In 1992, Lauzier returned to comics, publishing his last major work: Portrait de l'artiste. The next year he was awarded the Grand Prize at the Angouleme Festival. In 1999 he wrote the screenplay for Asterix et Obelix contre Cesar, the first of the contemporary live-action Asterix films starring Depardieu and Christian Clavier as the titular heroes.

For me personally, Lauzier only became an important cartoonist recently. I was far too young to be reading his material in Pilote in the 1970s, and because he left comics so soon, he was not the type of artist whose work you'd be constantly reminded of. My appreciation for him likely stems from the exhibition at Angouleme a few years ago that drew connections between the Pilote generation of the 1970s and the Poisson Pilote generation of the 2000s, where his comics were placed in dialogue with those of Riad Sattouf.
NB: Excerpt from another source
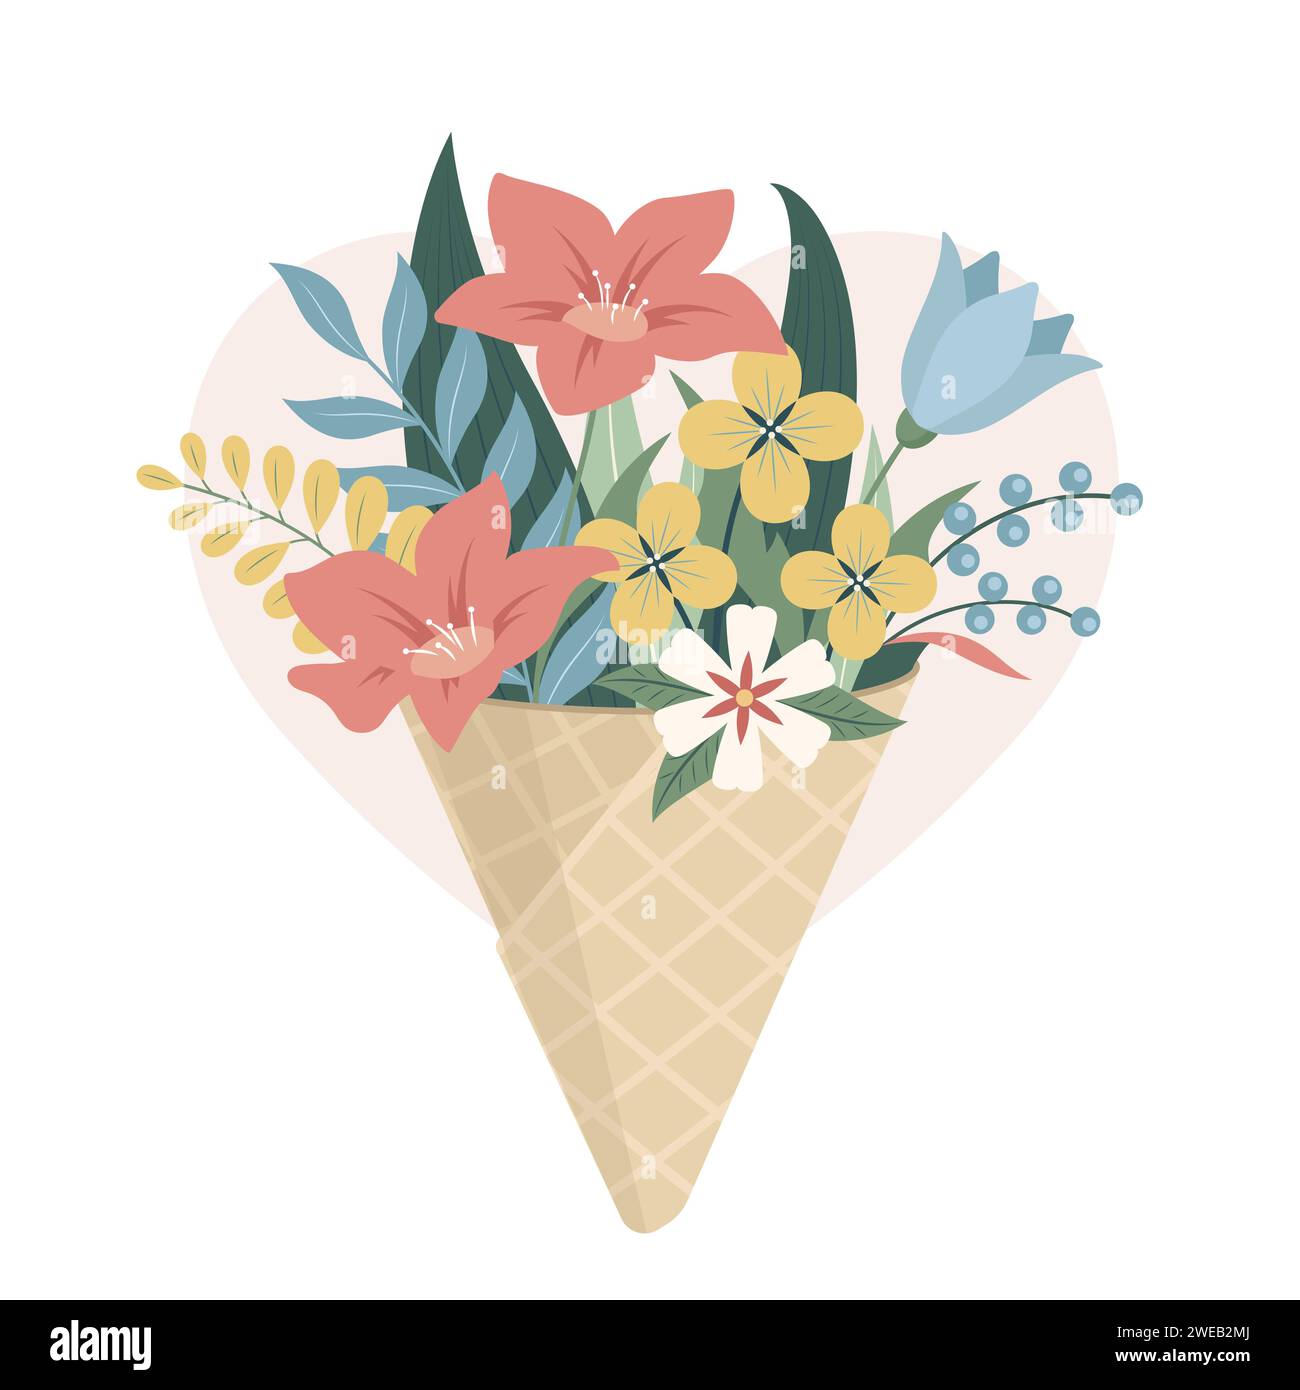 Flower bouquet in an ice cream cone on a heart-shaped background Stock Vector

Reading his pages there, I was struck by the fact that I had missed out on a major talent, and I picked up his Tranches de vie work.

Lauzier did not have a particularly long career in comics, but the fact that he was awarded the Grand Prize at Angouleme is an indicator of how well respected he was within the field. He is probably best known for the sophistication of his writing, but his drawings were really no less accomplished. If any of his work has been translated into English, I'm unaware of it.